Sometimes ministers incur more housing expenses than they anticipated during the year, which may mean that their housing allowance is not enough to cover all of their housing expenses. Often this is due to unforeseen housing expenses, or to the purchase of a new home. For whatever reason, if a minister’s housing expenses exceed the church-designated housing allowance, then the minister may not be receiving the full value of this important tax benefit.

Key Point. Many ministers rent a home or live in a church-owned parsonage. The portion of their ministerial income that is designated in advance by their employing church as a housing allowance is nontaxable in computing federal income taxes to the extent it is used to pay housing expenses.

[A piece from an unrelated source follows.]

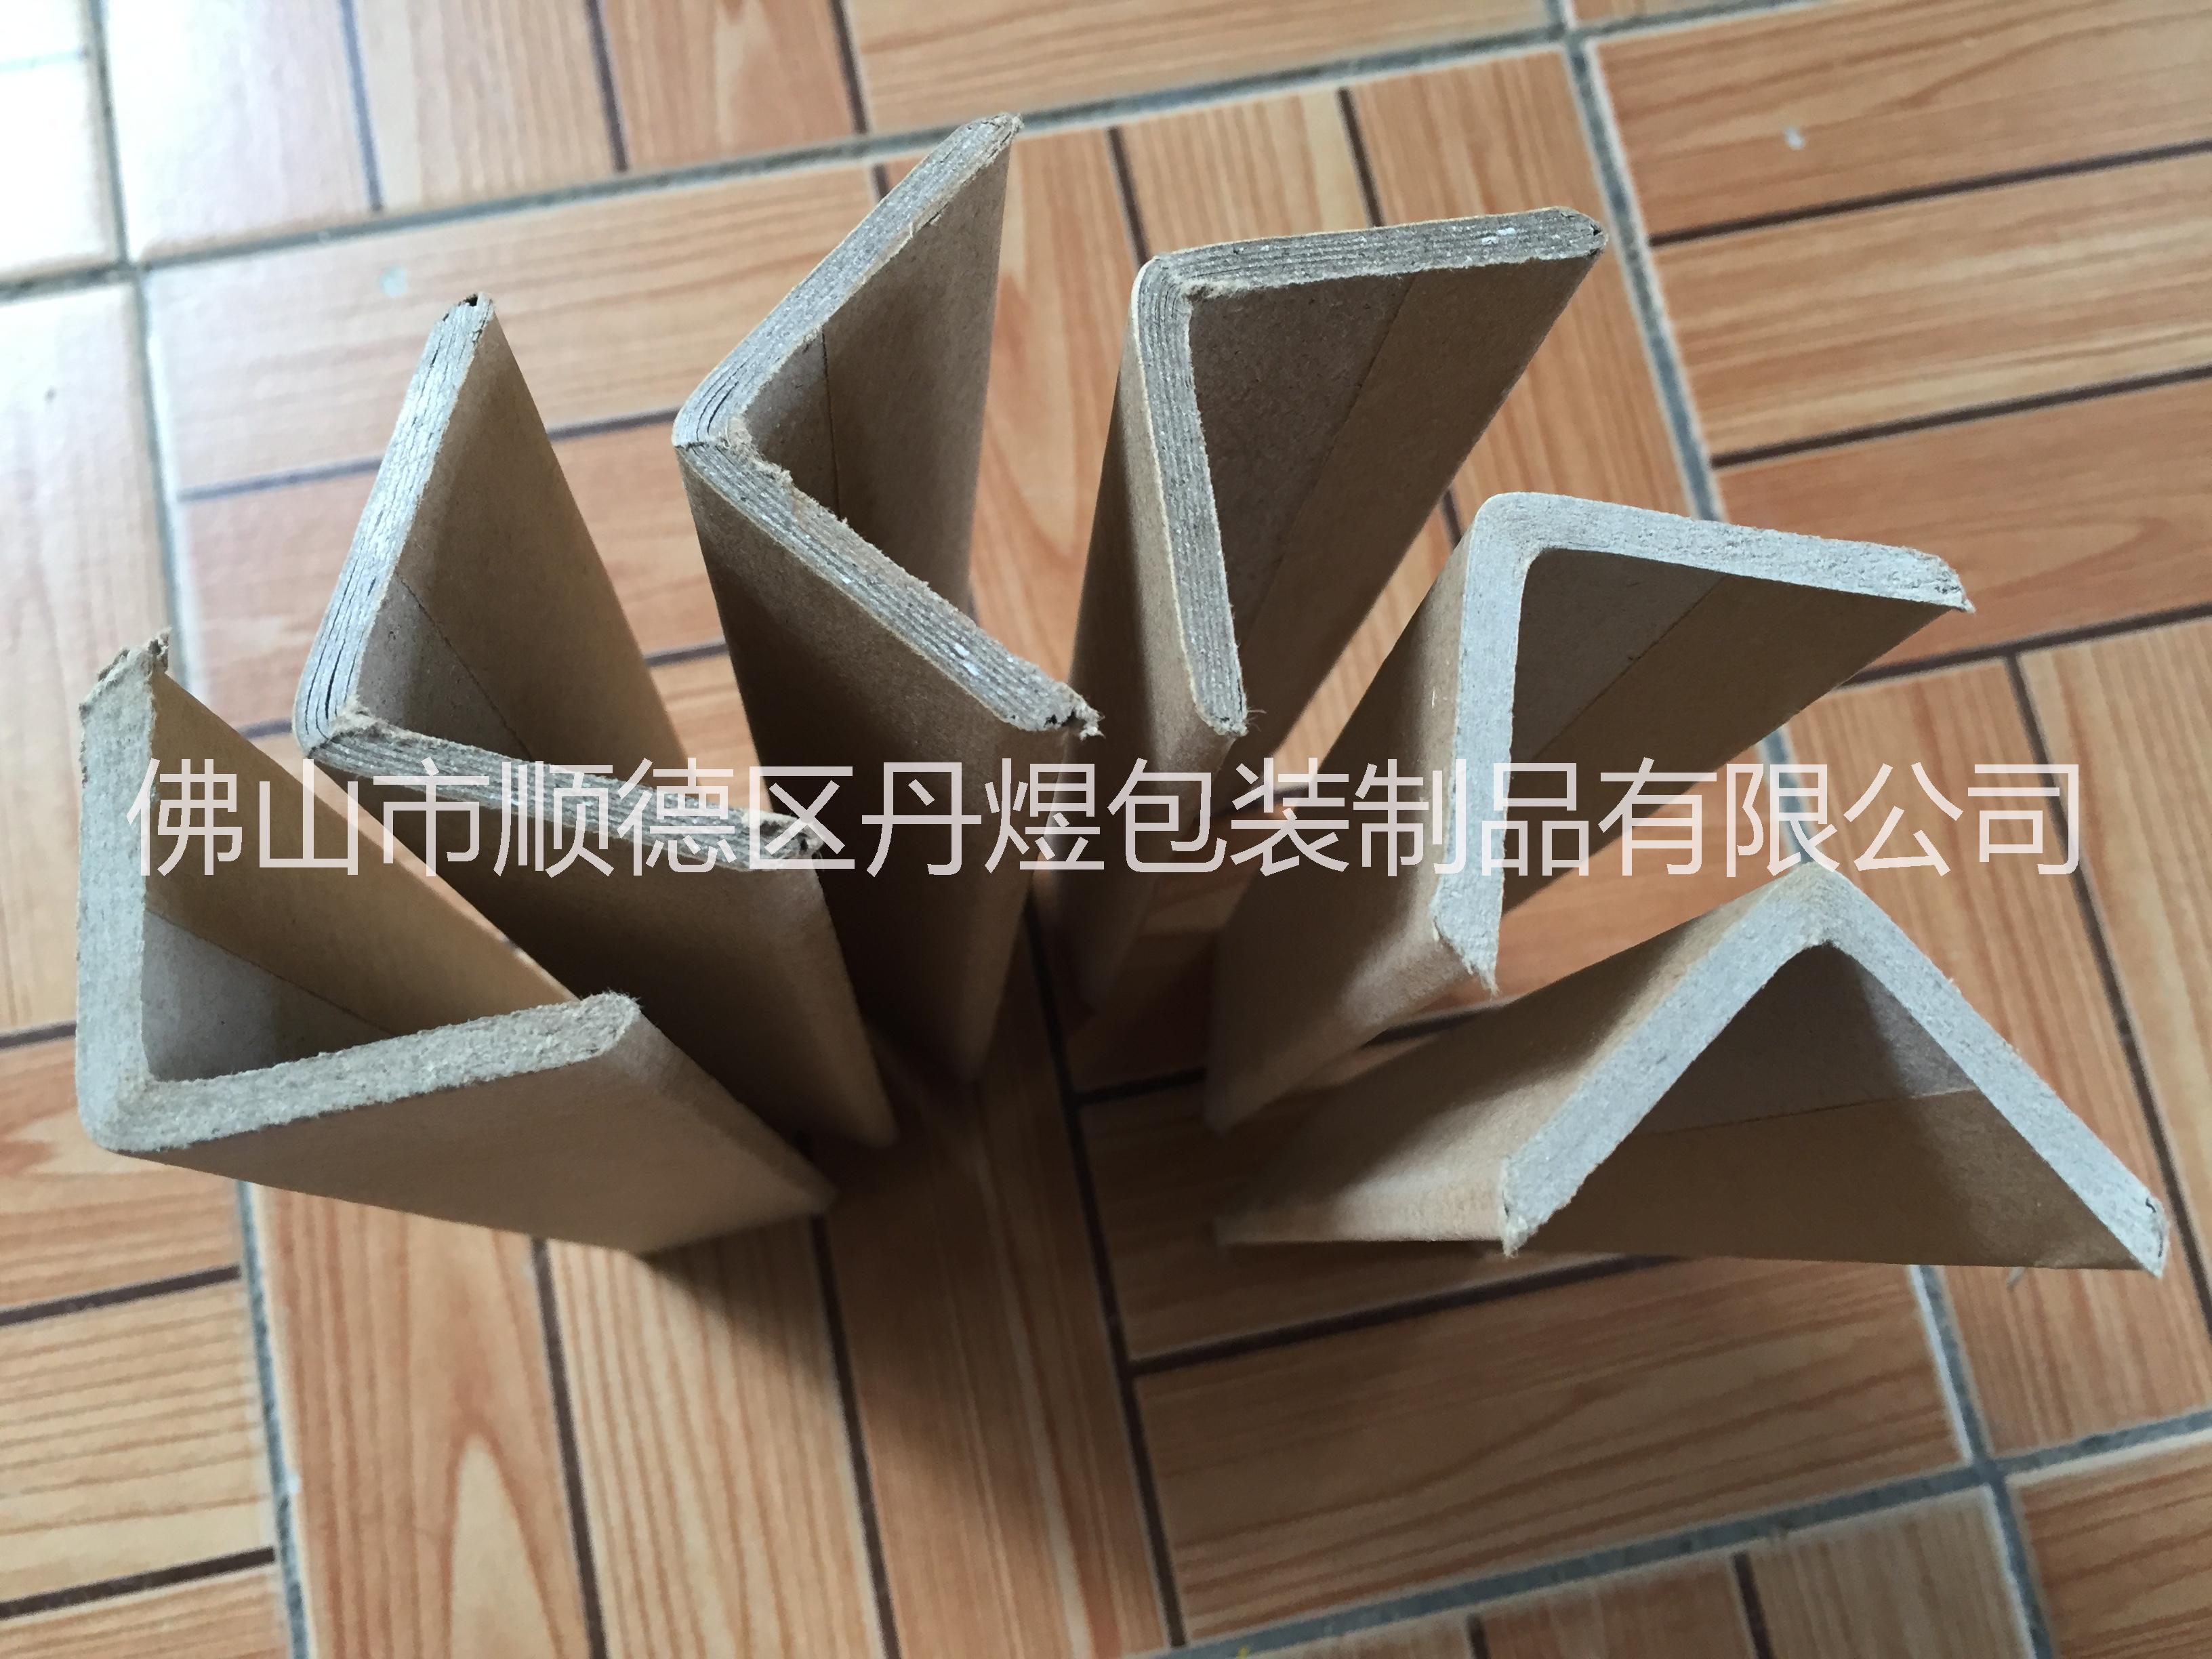 广州纸护角厂家-广州包装纸护角生产商-广州L型纸护角厂家定做图片

For ministers who rent a home, such expenses include rent, utilities, insurance, and furnishings. For ministers who live in a parsonage, such expenses may include utilities and furnishings (if not paid for by the church). Ministers who rent a home or who live in a parsonage may incur housing expenses in excess of their housing allowance. If so, their employing church should consider amending their housing allowance for the remainder of the year.

How church treasurers can help

If your church designated a housing allowance for your minister (or ministers) for 2009, now is a good time to check the adequacy of the allowance. The key point is this—if a minister’s housing expenses are more than expected, and will likely exceed the housing allowance, then the church can amend the allowance to make it larger.

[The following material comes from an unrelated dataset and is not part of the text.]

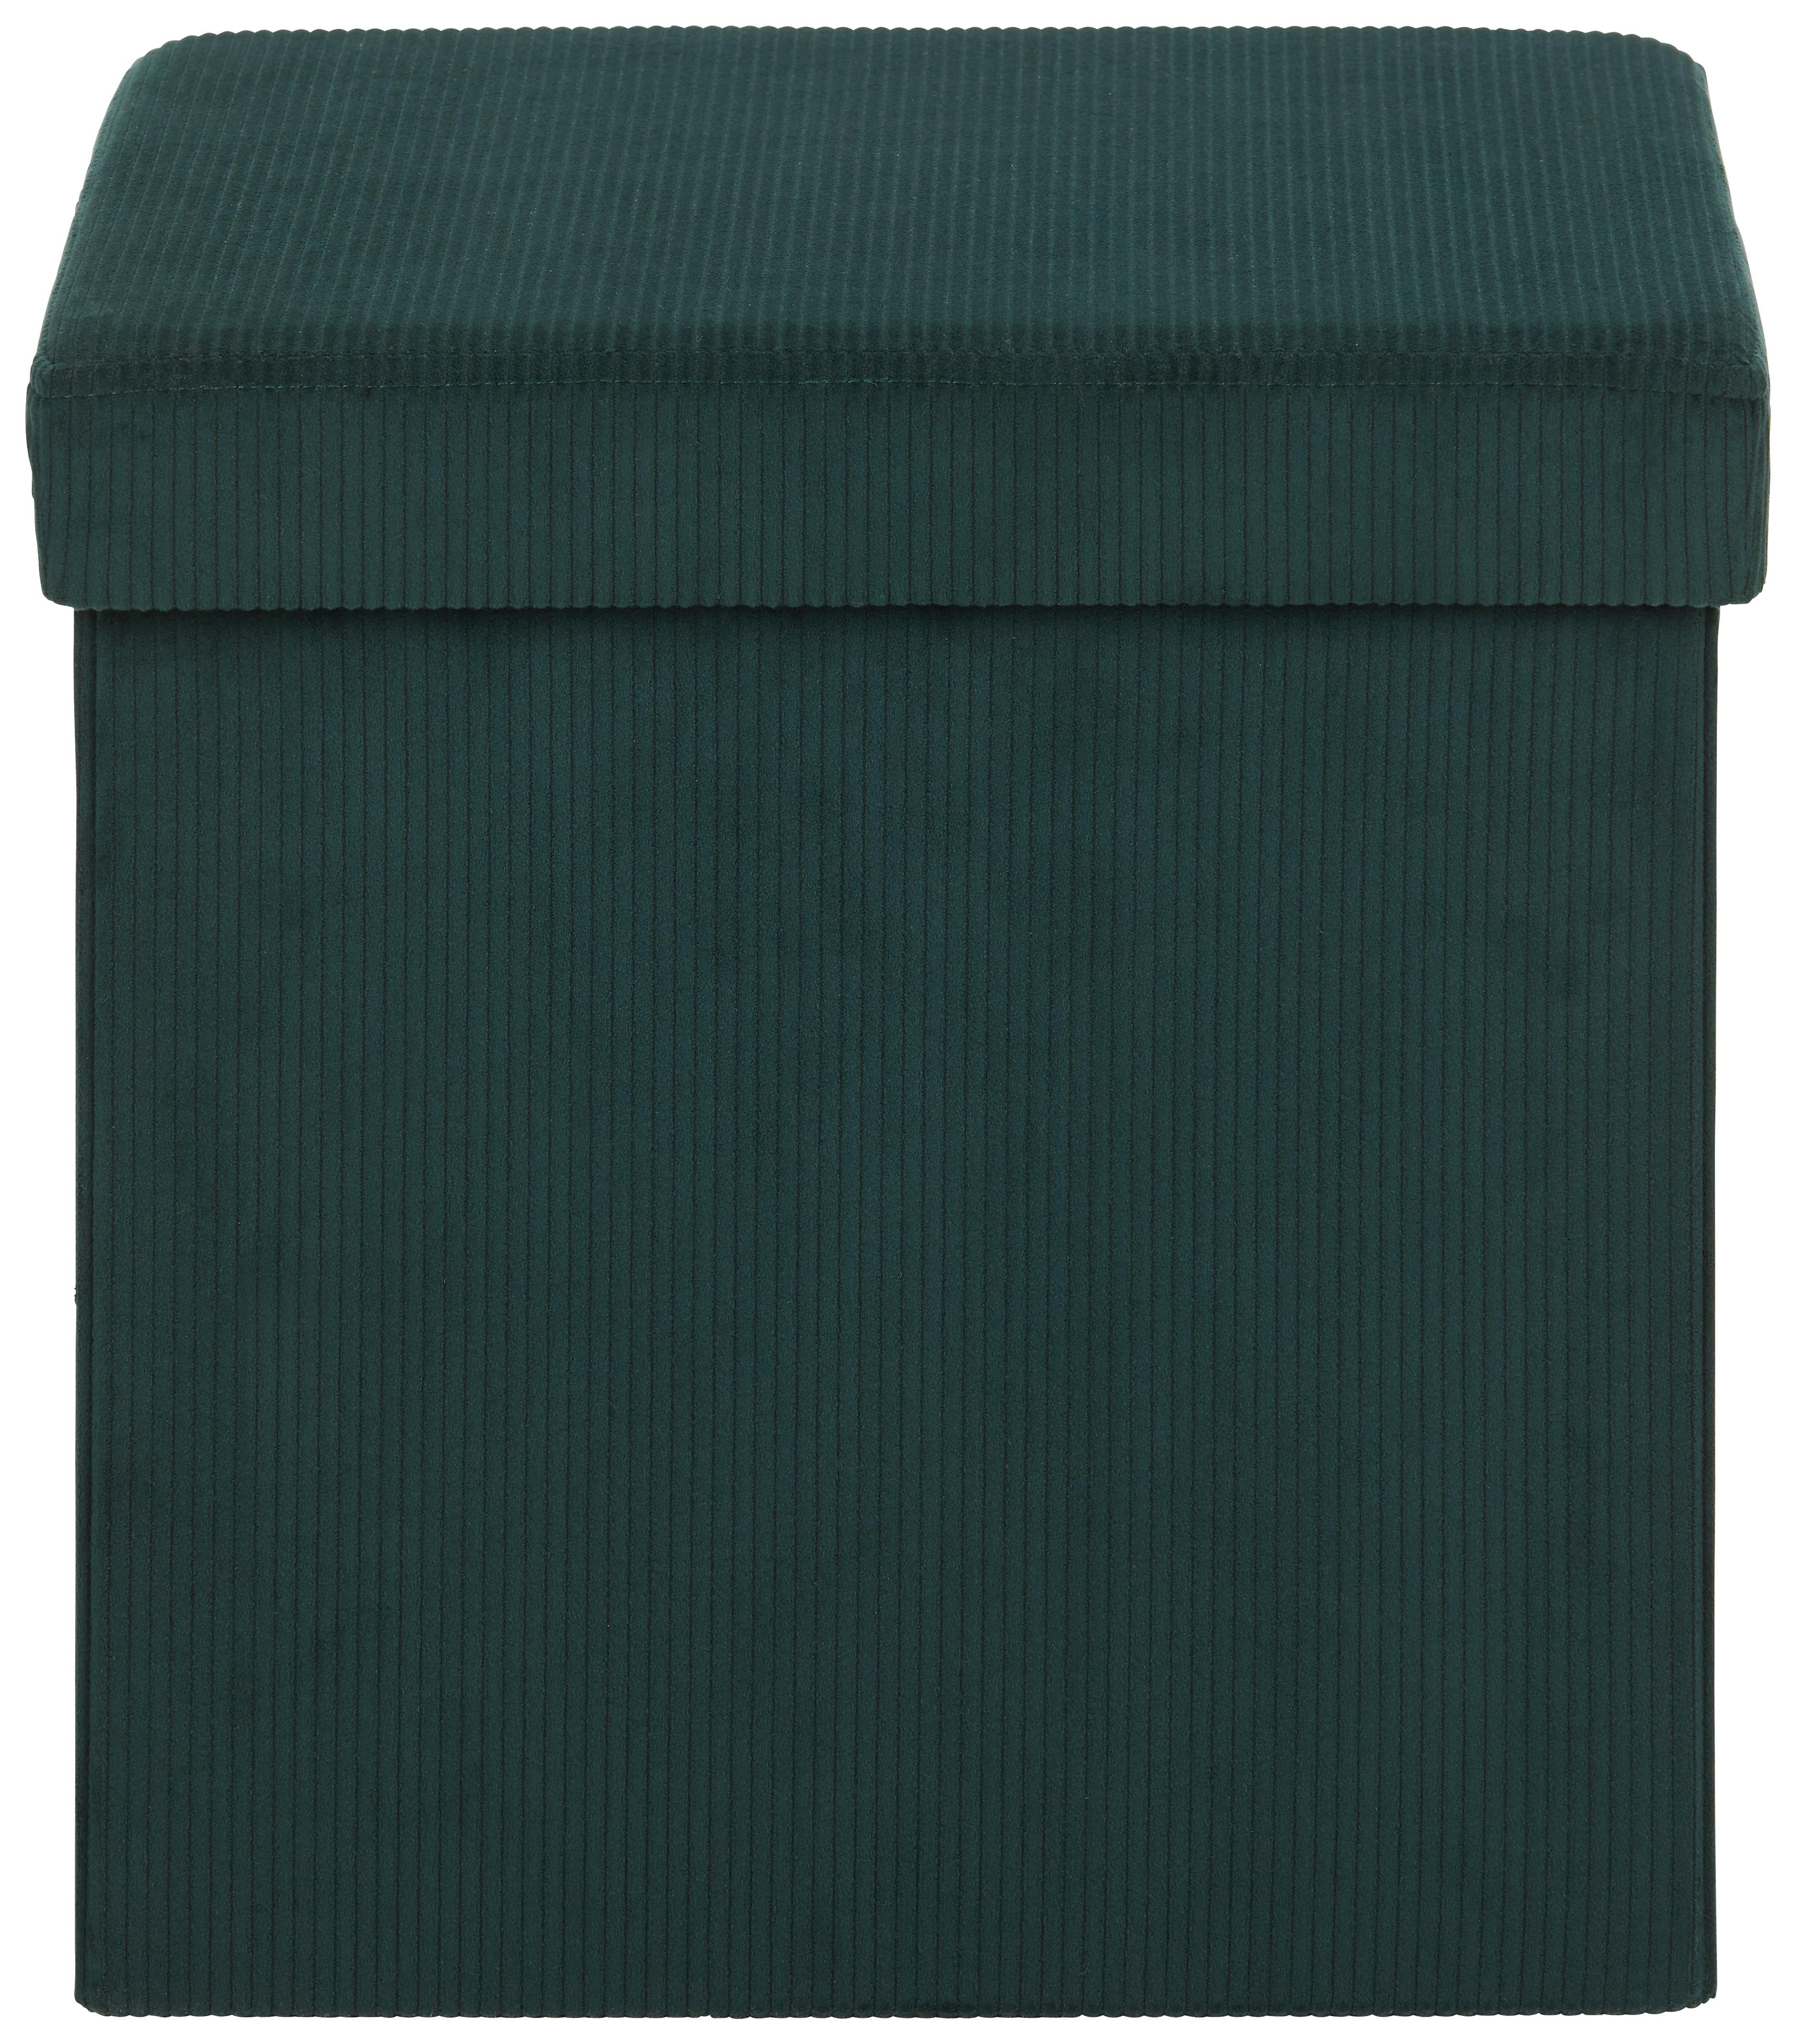 Zaboj Za Sedenje Cord -Sb- - temno zelena, tekstil (38/38/38cm) - Modern Living

Unfortunately, many church treasurers and church boards do not know that a minister’s housing allowance can be amended during the year. Failing to amend a housing allowance to account for larger-than-expected housing expenses often will mean needless additional taxes for the minister.

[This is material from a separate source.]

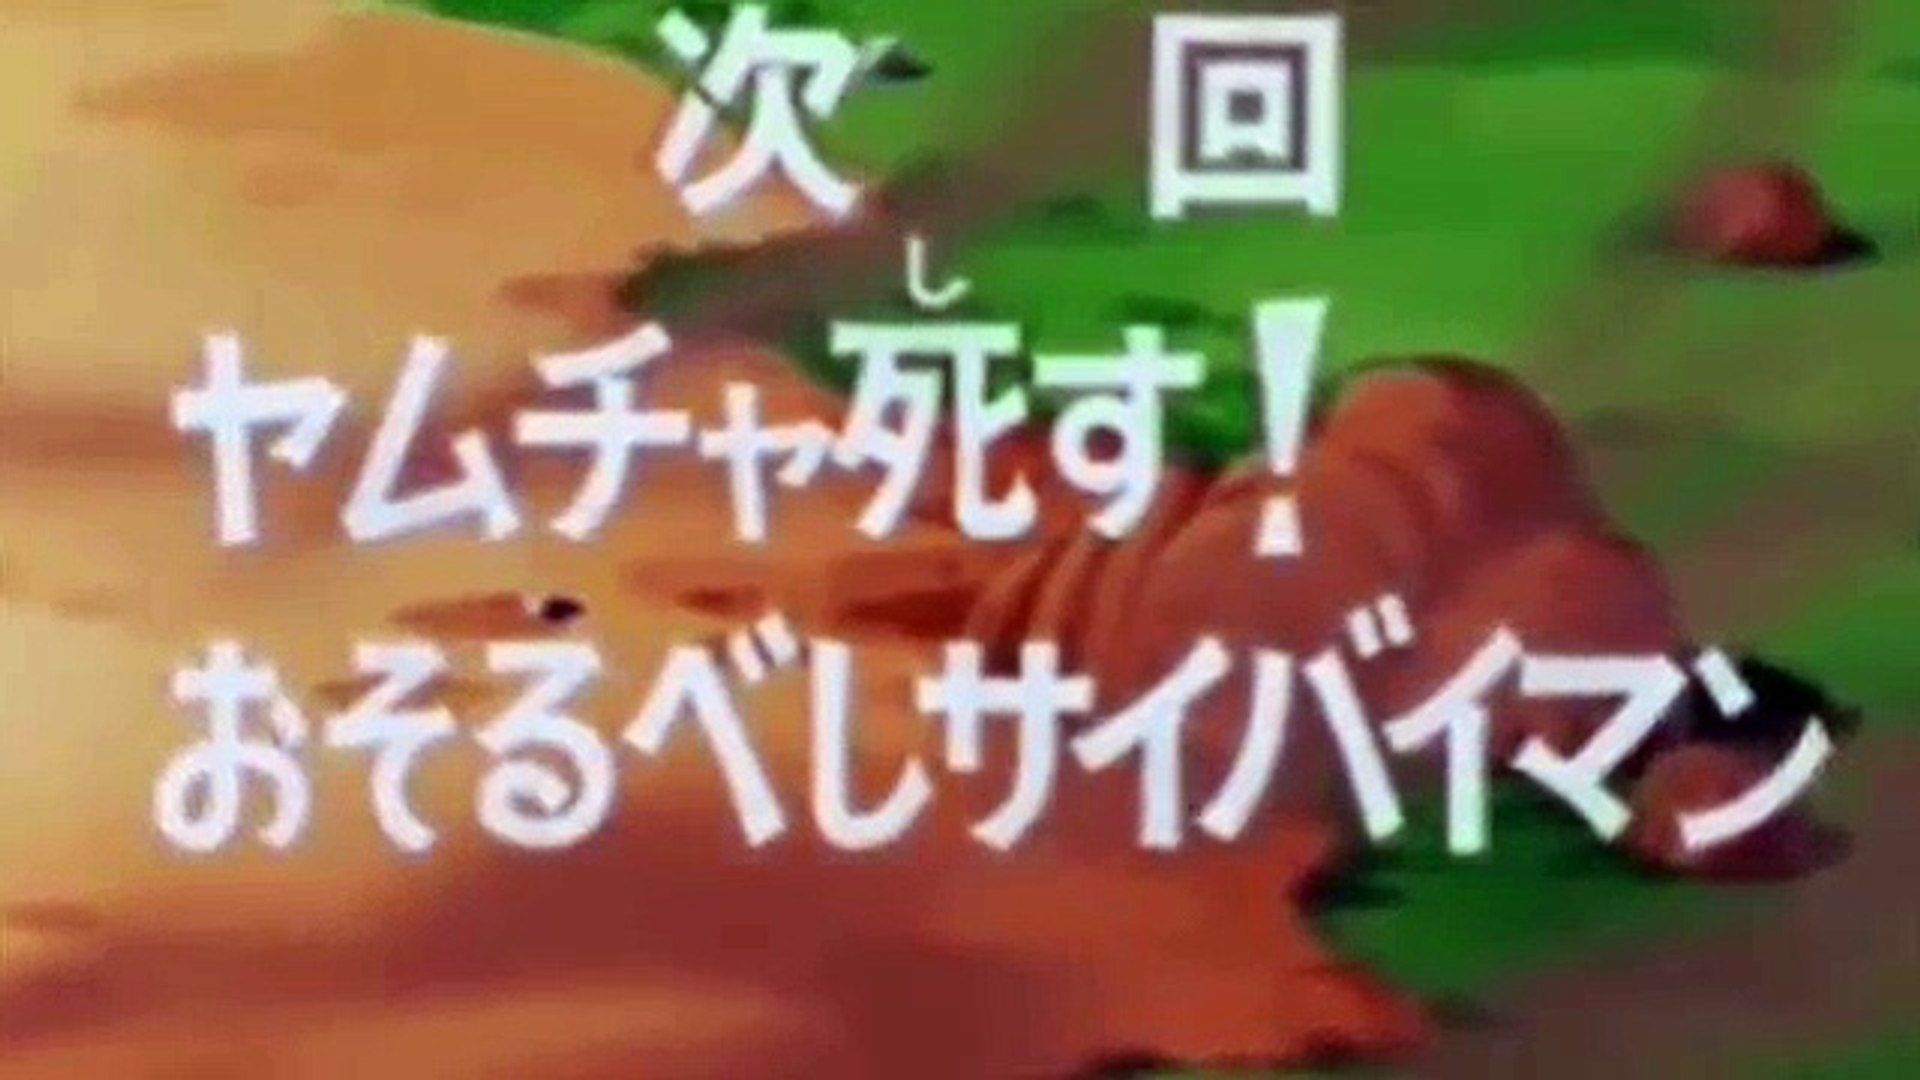 ドラゴンボールz次回予告 比較 野沢雅子vs田島直弥 Dailymotion Video

Key Point. Amending a minister’s housing allowance costs the church nothing. The church simply redesignates a larger portion of the minister’s salary as a housing allowance. But as noted later in this article, an amended housing allowance is only effective prospectively.

When an amendment may be appropriate

There are a number of reasons why a housing allowance may need to be increased to cover larger than expected housing expenses. Here is a quick checklist of some of the circumstances that may call for a review of the adequacy of a minister’s housing allowance:

  • purchase of a new home
  • unexpected home repairs
  • major remodeling
  • purchase of new furnishings
  • purchase of new appliances
  • the mortgage interest rate under an adjustable rate mortgage is increased
  • prepayment of a mortgage loan
  • a “balloon” payment on a mortgage loan
  • increase in property taxes
  • a tax assessment is imposed on the minister’s property to pay for public improvements
  • increase in property insurance
  • increase in rent (for ministers who rent their home)

Practice pointers

To amend your minister’s housing allowance you will need to pay attention to the following rules:

  • Proper authorization. Be sure the amended housing allowance is authorized by the same group (usually the church board or congregation) that designated the original housing allowance.
  • In writing. Be sure the amendment is duly recorded in the minutes of the group that approves it. The minutes should be dated, and recorded at or shortly after the meeting in which the amendment is approved.
  • Prospective application. An amended housing allowance only operates “prospectively.” That is, it takes effect on the date it is approved, through the rest of the year. It cannot apply retroactively. To illustrate, a pastor’s housing expenses turn out to be $15,000 for 2009, but the housing allowance designated by the church was only $10,000. In December of 2009 the pastor asks the church board to retroactively increase the housing allowance for 2009 to $15,000. This cannot be done.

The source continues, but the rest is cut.